:: Records for the exercise
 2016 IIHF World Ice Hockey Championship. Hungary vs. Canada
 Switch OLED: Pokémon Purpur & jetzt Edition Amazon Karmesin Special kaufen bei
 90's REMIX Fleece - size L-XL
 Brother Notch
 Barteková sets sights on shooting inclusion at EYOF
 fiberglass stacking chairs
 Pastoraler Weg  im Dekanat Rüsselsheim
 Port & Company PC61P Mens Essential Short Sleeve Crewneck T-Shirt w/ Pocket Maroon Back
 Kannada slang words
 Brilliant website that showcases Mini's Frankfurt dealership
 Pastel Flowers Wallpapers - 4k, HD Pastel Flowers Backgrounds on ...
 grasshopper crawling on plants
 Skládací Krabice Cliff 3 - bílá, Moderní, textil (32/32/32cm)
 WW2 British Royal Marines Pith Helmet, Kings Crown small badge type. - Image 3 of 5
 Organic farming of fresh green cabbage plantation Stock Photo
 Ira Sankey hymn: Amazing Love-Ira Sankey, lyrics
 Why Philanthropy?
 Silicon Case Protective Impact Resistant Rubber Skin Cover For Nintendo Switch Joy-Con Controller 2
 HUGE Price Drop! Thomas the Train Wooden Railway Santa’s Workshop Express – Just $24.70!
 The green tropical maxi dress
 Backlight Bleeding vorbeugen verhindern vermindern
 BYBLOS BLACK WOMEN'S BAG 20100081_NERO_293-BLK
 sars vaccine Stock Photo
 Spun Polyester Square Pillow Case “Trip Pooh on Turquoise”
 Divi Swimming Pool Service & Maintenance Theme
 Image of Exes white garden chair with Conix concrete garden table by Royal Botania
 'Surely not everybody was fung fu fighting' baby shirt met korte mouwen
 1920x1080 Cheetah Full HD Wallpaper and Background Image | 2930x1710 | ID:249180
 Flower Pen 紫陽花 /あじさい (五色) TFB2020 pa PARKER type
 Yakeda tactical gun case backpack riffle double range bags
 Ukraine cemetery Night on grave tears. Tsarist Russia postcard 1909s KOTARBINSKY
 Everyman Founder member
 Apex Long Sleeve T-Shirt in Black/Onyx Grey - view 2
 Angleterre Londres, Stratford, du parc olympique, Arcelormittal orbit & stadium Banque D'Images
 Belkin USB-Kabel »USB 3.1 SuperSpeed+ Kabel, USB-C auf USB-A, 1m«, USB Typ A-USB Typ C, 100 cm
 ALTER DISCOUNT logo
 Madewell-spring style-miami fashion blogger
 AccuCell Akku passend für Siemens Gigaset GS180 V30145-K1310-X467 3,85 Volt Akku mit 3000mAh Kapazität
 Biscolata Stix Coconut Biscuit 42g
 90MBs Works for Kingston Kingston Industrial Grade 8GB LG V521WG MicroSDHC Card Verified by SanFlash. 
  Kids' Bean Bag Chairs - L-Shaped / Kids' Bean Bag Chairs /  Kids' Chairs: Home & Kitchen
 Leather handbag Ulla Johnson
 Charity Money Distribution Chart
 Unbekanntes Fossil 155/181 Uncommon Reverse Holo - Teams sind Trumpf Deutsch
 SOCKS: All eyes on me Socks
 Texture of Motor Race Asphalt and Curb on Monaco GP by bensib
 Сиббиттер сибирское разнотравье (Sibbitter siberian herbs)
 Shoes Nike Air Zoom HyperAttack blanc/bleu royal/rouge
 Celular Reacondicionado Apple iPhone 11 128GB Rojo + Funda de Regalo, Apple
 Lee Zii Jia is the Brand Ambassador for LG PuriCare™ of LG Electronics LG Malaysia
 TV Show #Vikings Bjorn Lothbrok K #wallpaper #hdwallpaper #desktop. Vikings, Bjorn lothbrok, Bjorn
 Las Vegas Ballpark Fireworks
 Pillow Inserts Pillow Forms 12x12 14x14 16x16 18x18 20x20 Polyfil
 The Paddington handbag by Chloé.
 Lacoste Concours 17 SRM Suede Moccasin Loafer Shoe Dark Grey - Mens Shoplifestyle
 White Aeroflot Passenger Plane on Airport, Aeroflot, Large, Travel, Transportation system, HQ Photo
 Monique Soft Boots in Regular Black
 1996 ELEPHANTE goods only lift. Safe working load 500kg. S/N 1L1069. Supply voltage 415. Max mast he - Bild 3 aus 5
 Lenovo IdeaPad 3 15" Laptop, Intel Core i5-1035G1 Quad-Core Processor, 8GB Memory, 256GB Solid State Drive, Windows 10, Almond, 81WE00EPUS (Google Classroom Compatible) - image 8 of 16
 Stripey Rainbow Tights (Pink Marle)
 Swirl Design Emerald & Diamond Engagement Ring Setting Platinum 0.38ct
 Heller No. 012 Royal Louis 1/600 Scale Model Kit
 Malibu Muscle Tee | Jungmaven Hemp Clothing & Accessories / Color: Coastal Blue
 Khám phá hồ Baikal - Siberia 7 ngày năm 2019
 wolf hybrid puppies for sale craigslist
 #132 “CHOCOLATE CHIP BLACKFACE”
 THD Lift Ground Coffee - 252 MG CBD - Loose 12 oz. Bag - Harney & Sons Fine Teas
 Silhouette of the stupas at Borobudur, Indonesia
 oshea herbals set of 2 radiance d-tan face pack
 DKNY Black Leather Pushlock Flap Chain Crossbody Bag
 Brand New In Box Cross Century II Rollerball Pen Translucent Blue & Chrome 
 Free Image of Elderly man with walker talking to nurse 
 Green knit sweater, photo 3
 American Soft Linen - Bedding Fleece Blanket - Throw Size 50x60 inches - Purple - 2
::::
→ **Work to be completed**
Look back at the entries above and repeat, unchanged, every line from the line holding "Biscolata Stix Coconut Biscuit 42g" through the line holding "Charity Money Distribution Chart".

→ **Output of the task**
 Biscolata Stix Coconut Biscuit 42g
 90MBs Works for Kingston Kingston Industrial Grade 8GB LG V521WG MicroSDHC Card Verified by SanFlash. 
  Kids' Bean Bag Chairs - L-Shaped / Kids' Bean Bag Chairs /  Kids' Chairs: Home & Kitchen
 Leather handbag Ulla Johnson
 Charity Money Distribution Chart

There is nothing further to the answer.